For choosing of particular robot actions decision trees are used. A decision tree is an arrangement of tests that prescribes an appropriate test at every step in an analysis. Decision trees classify instances by sorting them down the tree from the root node to some leaf node, which provides the classification of the instance. Each node in the tree specifies a test of some attribute of the instance, and each branch descending from that node corresponds to one of the possible values for this attribute. This process is then repeated at the node on this branch and so on until a leaf node is reached. Attribute values are derived from positions of robots and the ball, and the distances between them. Classes correspond to particular robot actions. After the decision tree has classified the situation on the playground, the resulting action is selected, e.g., GetBall (robot approaches the ball), Defend, GetBehindBall, Dribble, Kick etc. The main advantage of the decision tree approach is the possibility of an easy extension by other classes (actions) that may be used for the design of more sophisticated control strategies.
Path planning is performed by means of the vector fields. In this method the robot - represented by a point - behaves like a particle moving under the influence of an artificial potential produced by the goal and the obstacles.
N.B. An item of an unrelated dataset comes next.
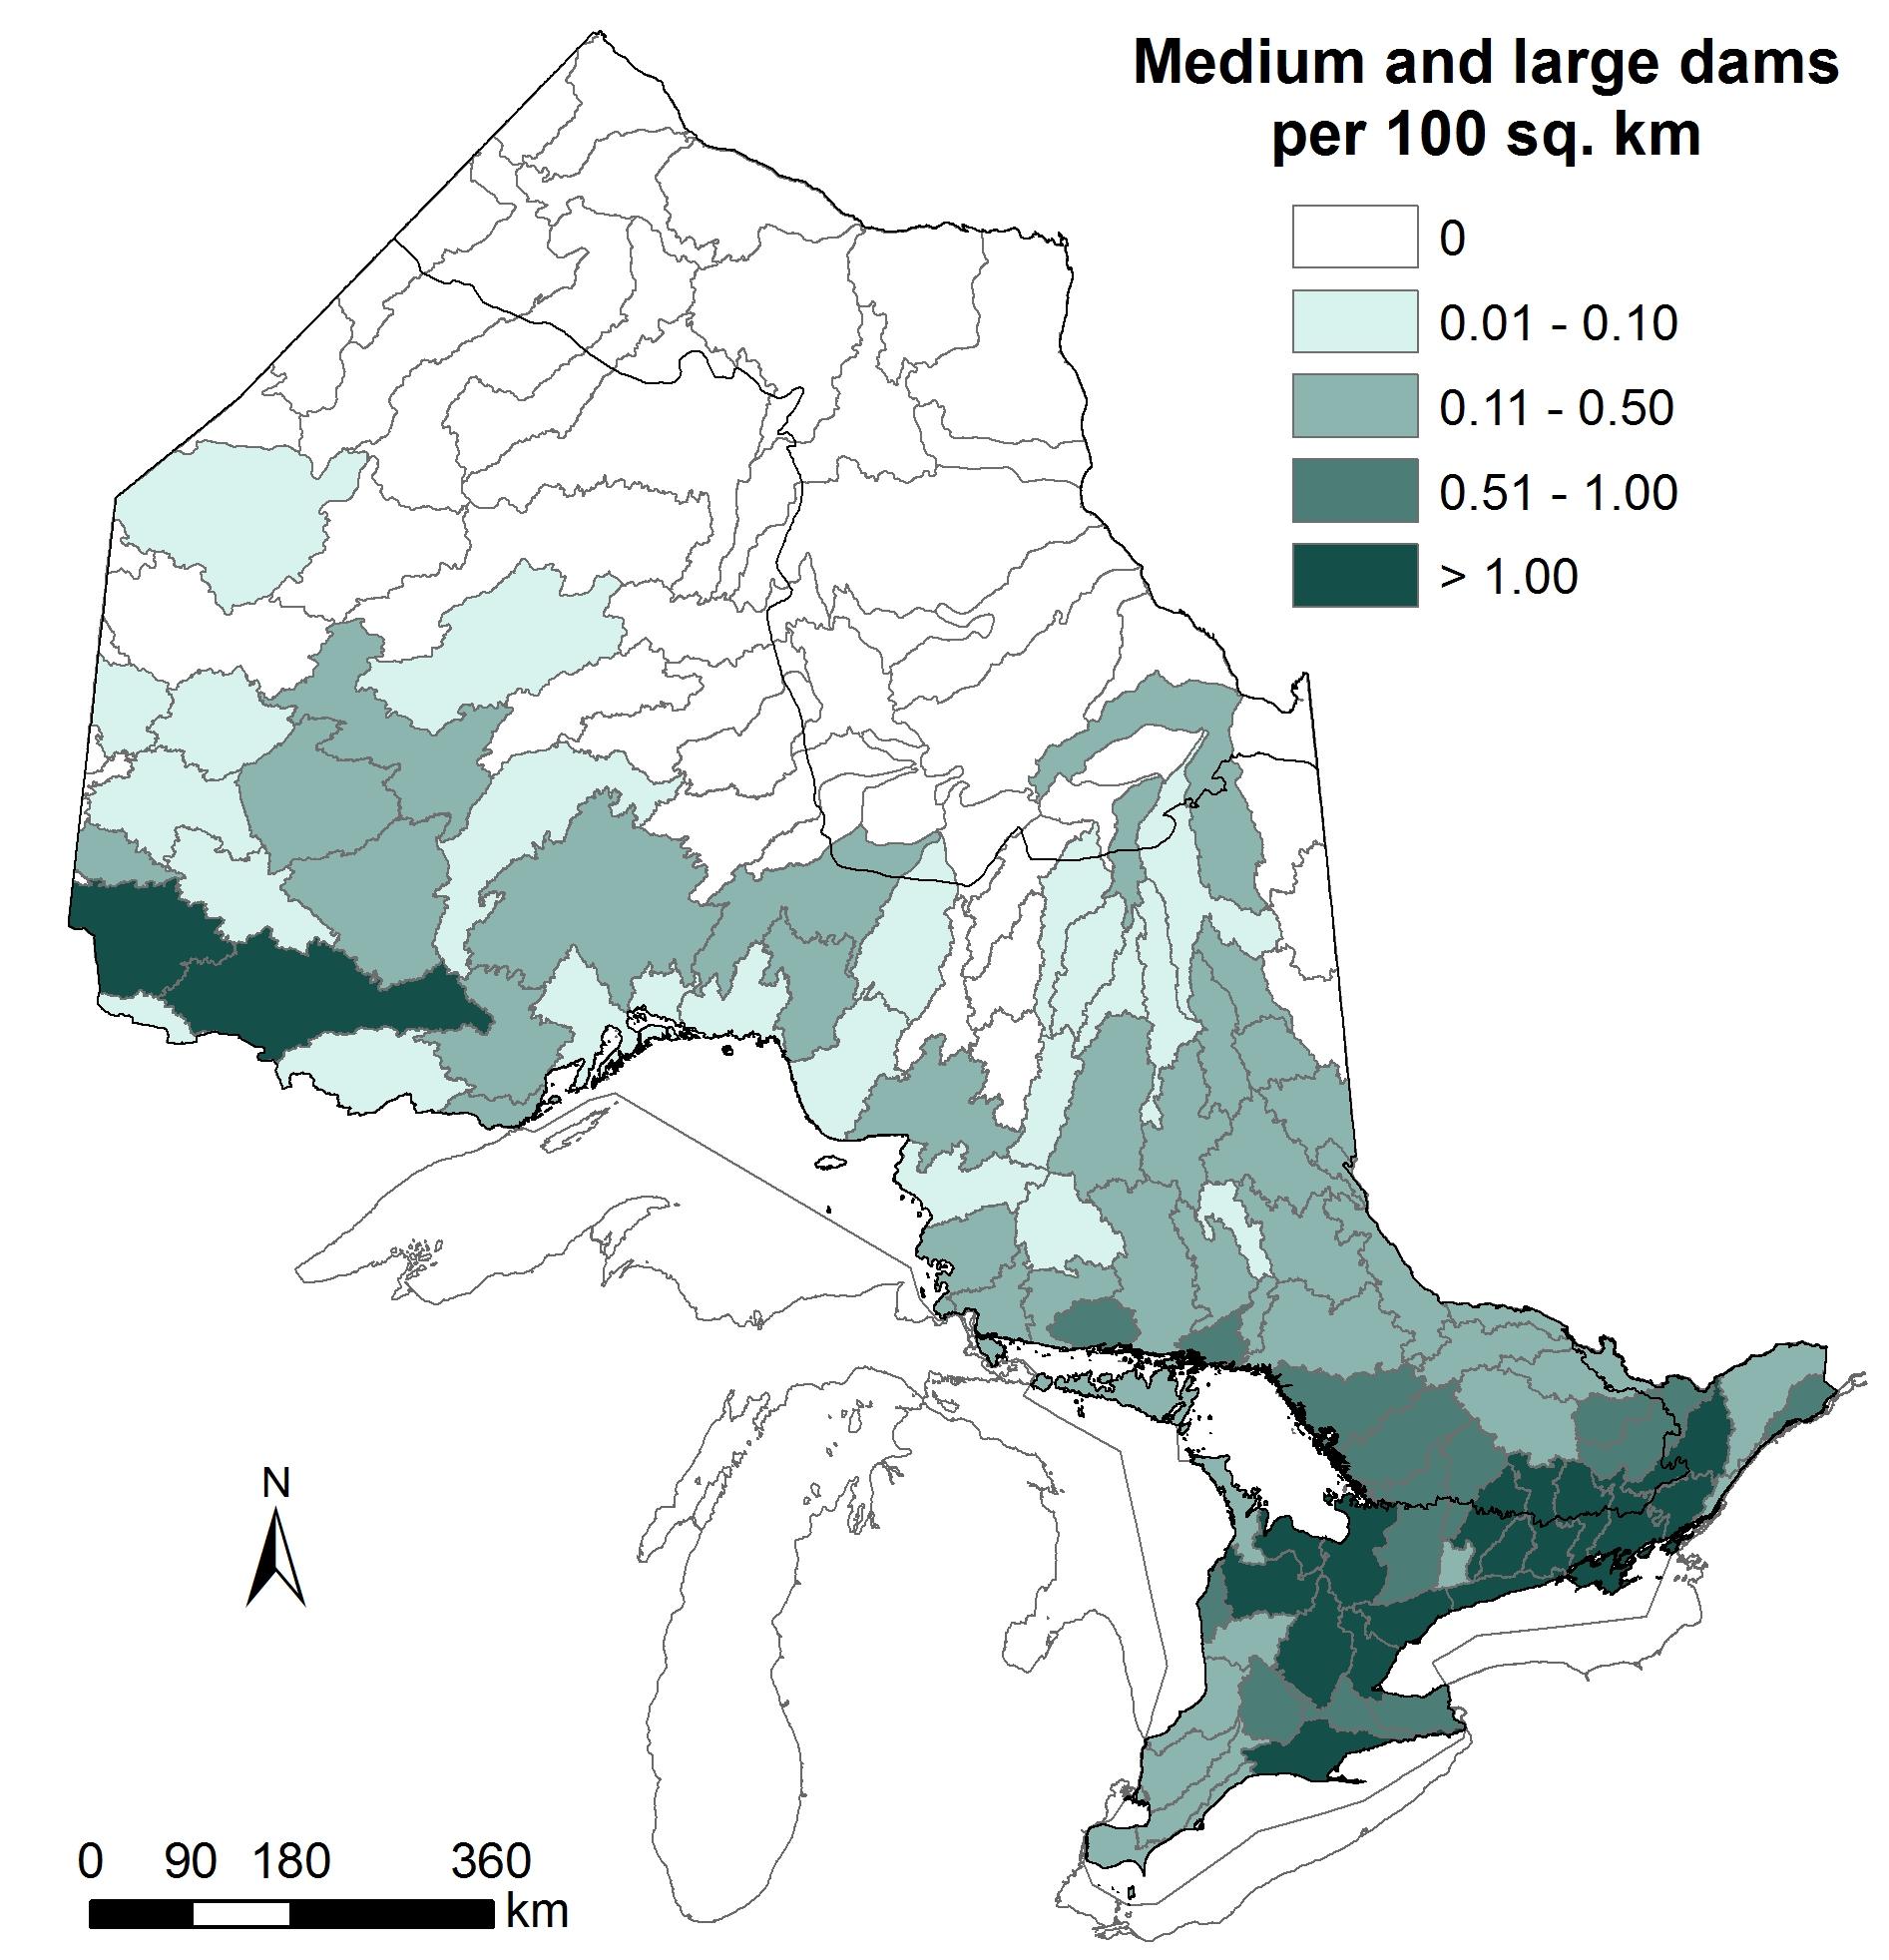 Dams per 100 sq km_w

The goal configuration generates an attractive potential pulling the robot towards the goal, and the obstacles produce a repulsive potential which pushes the robot away from them. The negated gradient of the total potential is treated as an artificial force applied to the robot. When kicking the ball in the given direction, it is necessary to approach the ball in this direction. To guarantee this, the shape of the potential field is accommodated appropriately.
The vector field determines the desired direction of motion of the robot. Since the robot is equipped with two differential-driven wheels, its motion is subject to non-holonomic constraints, i.e., the robot cannot move sidewise. This fact must be considered in the robot motion control law. While the above mentioned control algorithms are running on the PC, the lowest level is realized directly in the robots.